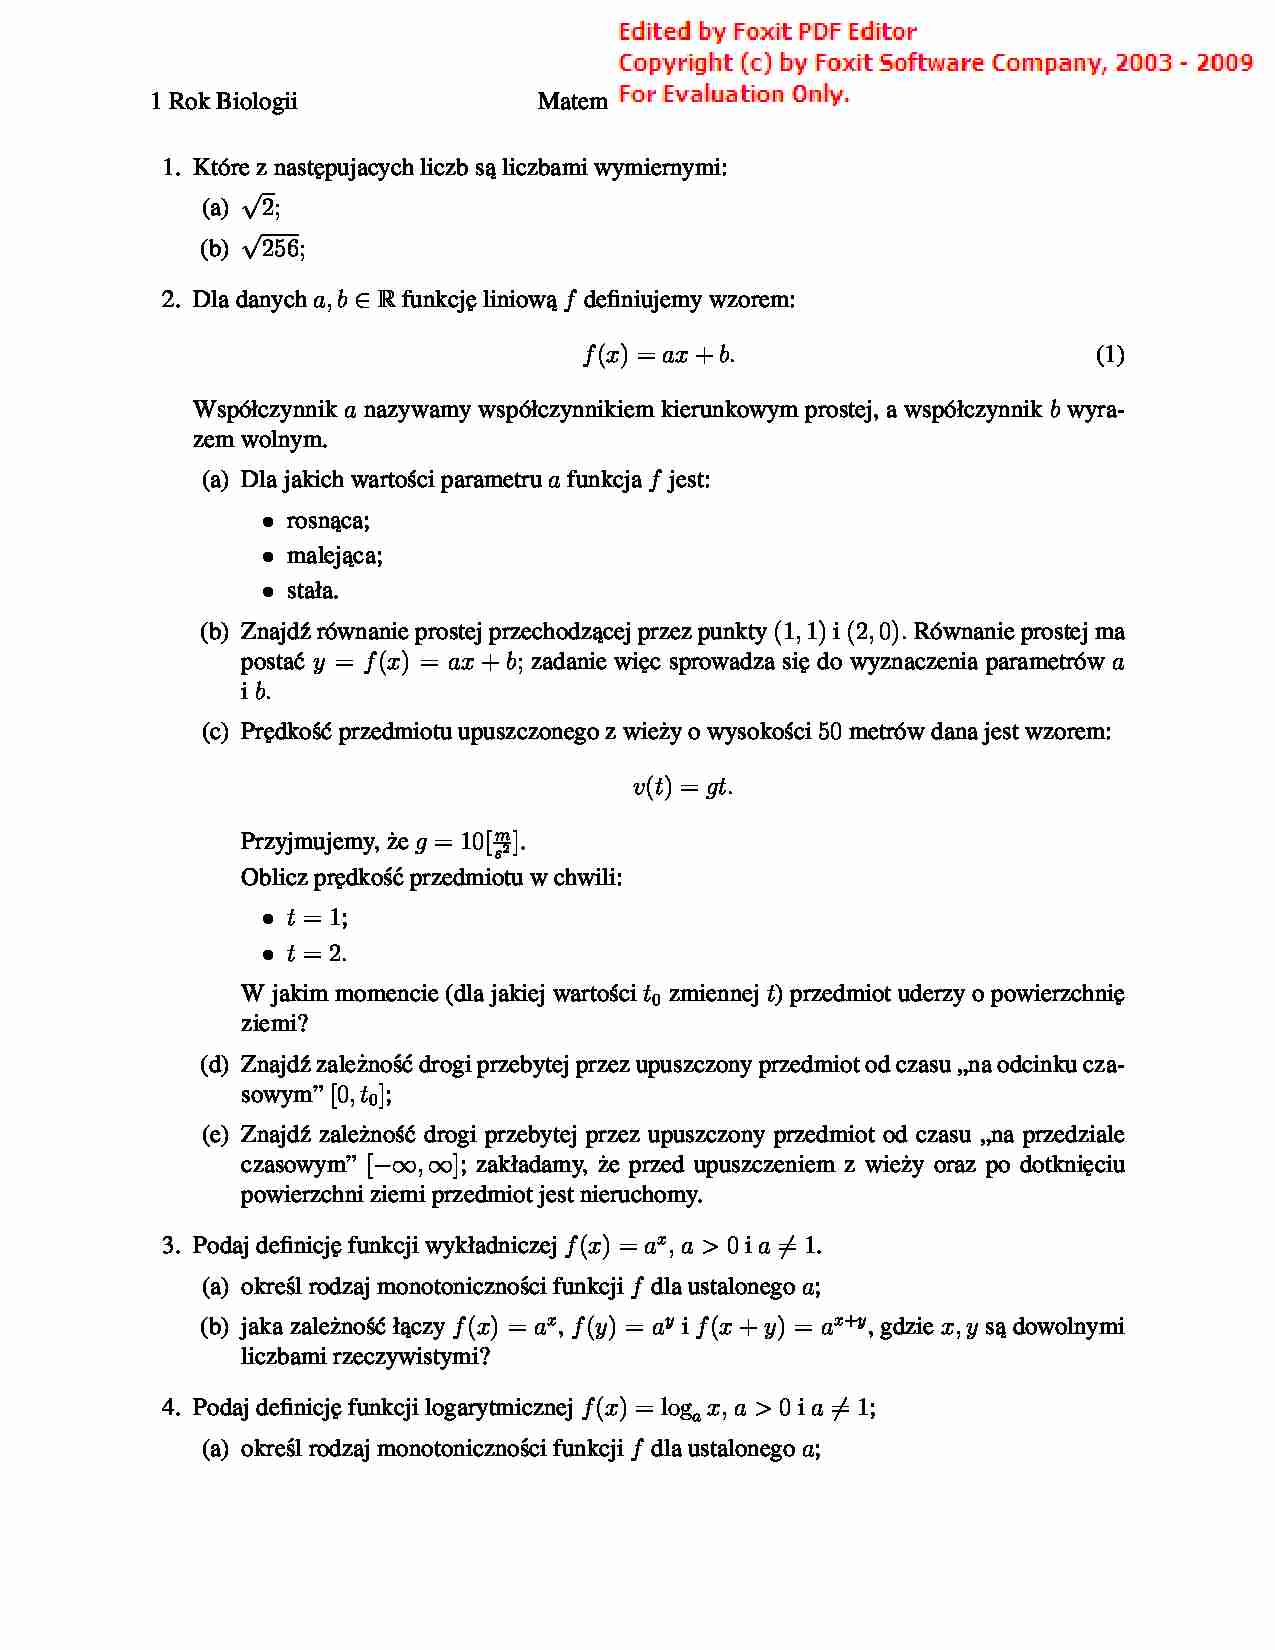 Matematyka - Lista zadań 1 - strona 1
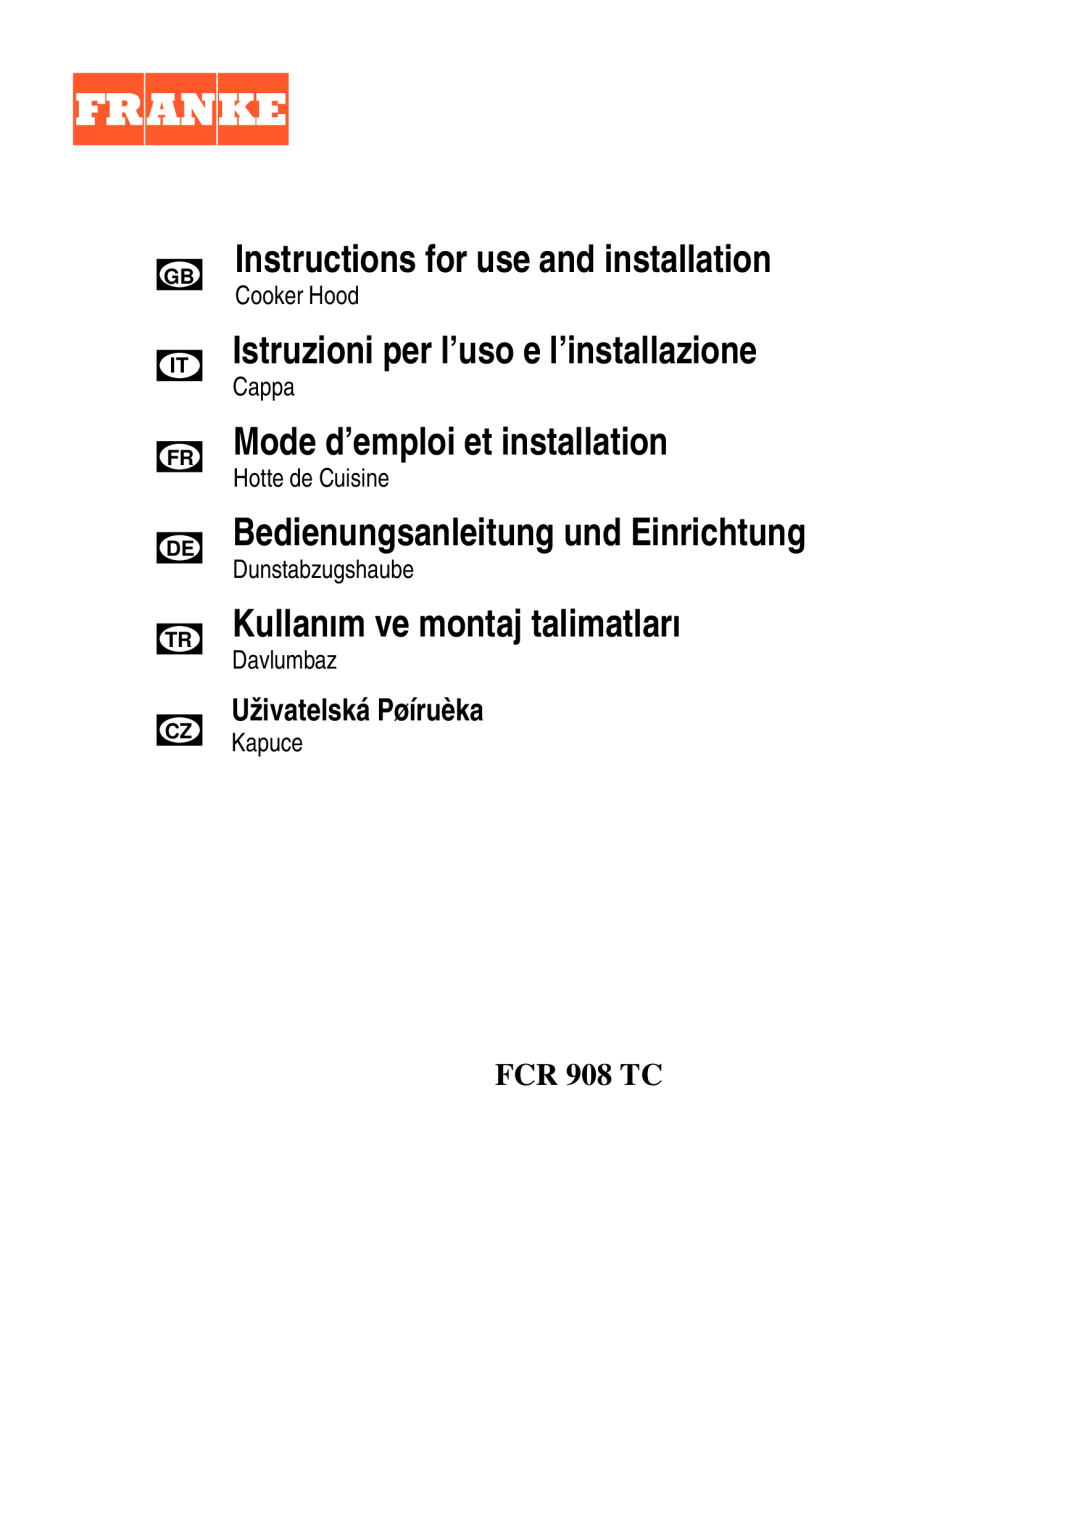 Franke Consumer Products FCR 908 TC manual Instructions for use and installation, Istruzioni per l’uso e l’installazione 
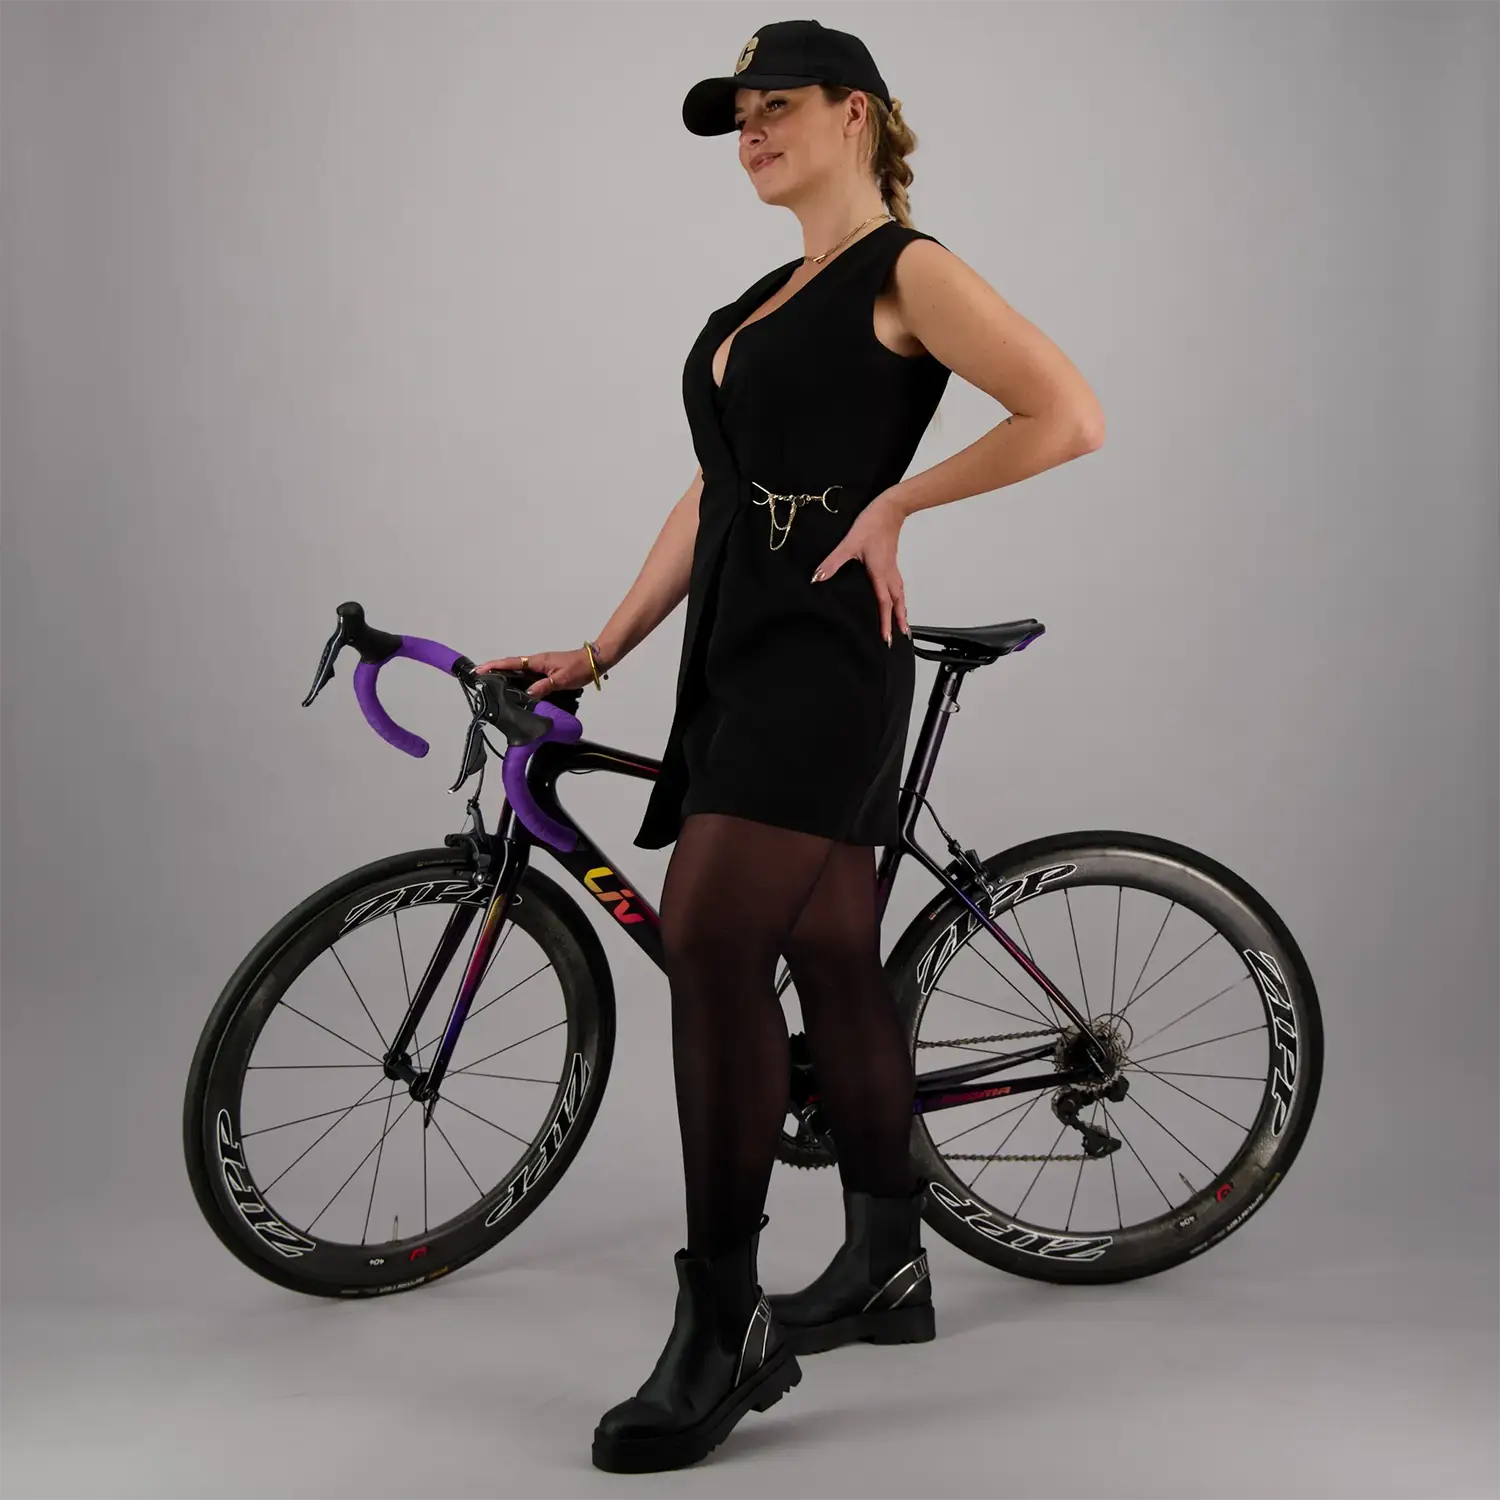 REINES marque de textile vélo féminin

**WORK ITEM**
Leave every image out when you return the material above word for word.

**EXERCISE ANSWER**
 Matematyka - Lista zadań 1 - strona 1
 Franke Consumer Products FCR 908 TC manual Instructions for use and installation, Istruzioni per l’uso e l’installazione 
 REINES marque de textile vélo féminin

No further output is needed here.